Polymorphism, Structure, and Nucleation of Cholesterol·H 2 O at Aqueous Interfaces and in Pathological Media: Revisited from a Computational Perspective.

We revisit the important issues of polymorphism, structure, and nucleation of cholesterol·H 2 O using first-principles calculations based on dispersion-augmented density functional theory. For the lesser known monoclinic polymorph, we obtain a fully extended H-bonded network in a structure akin to that of hexagonal ice. We show that the energy of the monoclinic and triclinic polymorphs is similar, strongly suggesting that kinetic and environmental effects play a significant role in determining polymorph nucleation. Furthermore, we find evidence in support of various O-H···O bonding motifs in both polymorphs that may result in hydroxyl disorder. We have been able to explain, via computation, why a single cholesterol bilayer in hydrated membranes always crystallizes in the monoclinic polymorph.

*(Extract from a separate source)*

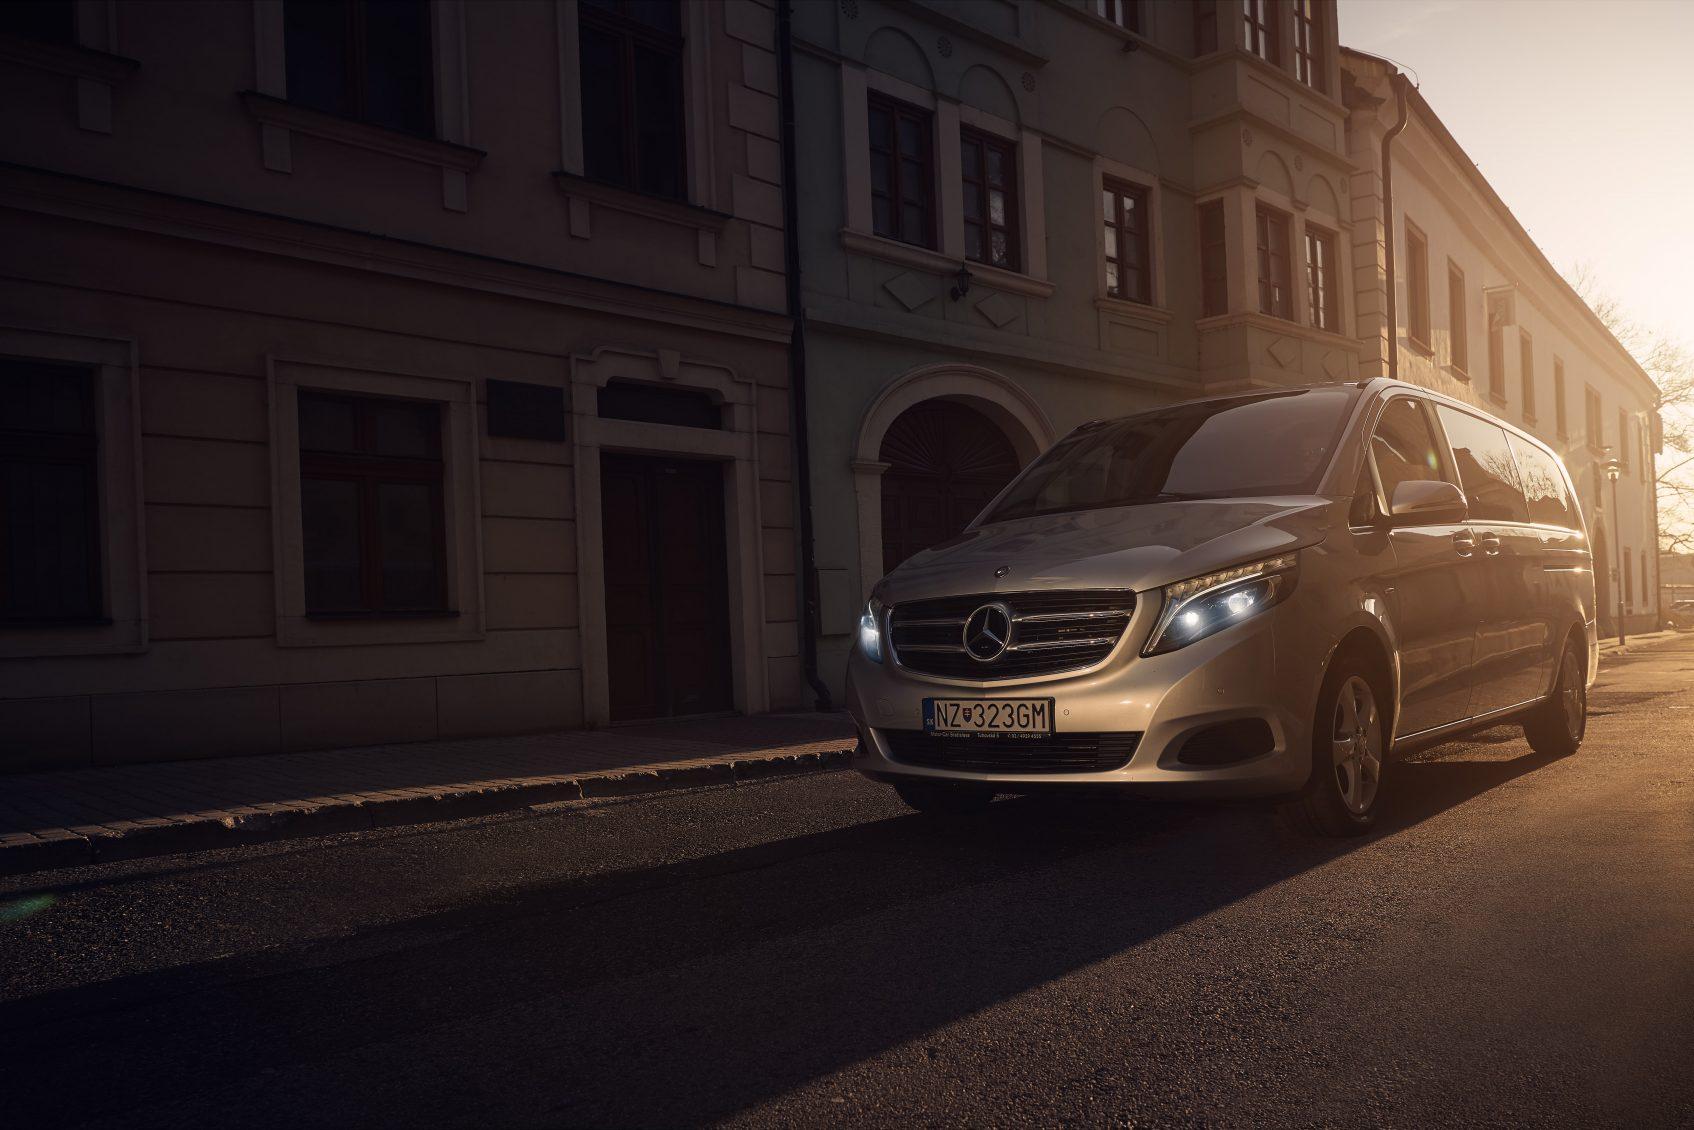 Mercedes-predoma_18-min-e1557491366467.jpg

We rationalize what we believe is a single-crystal to single-crystal transformation of the monoclinic form on increased interlayer growth beyond that of a single cholesterol bilayer, interleaved by a water bilayer. We show that the ice-like structure is also relevant to the related cholestanol·2H 2 O and stigmasterol·H 2 O crystals. The structure of stigmasterol hydrate both as a trilayer film at the air-water interface and as a macroscopic crystal further assists us in understanding the polymorphic and thermal behavior of cholesterol·H 2 O. Finally, we posit a possible role for one of the sterol esters in the crystallization of cholesterol·H 2 O in pathological environments, based on a composite of a crystalline bilayer of cholesteryl palmitate bound epitaxially as a nucleating agent to the monoclinic cholesterol·H 2 O form.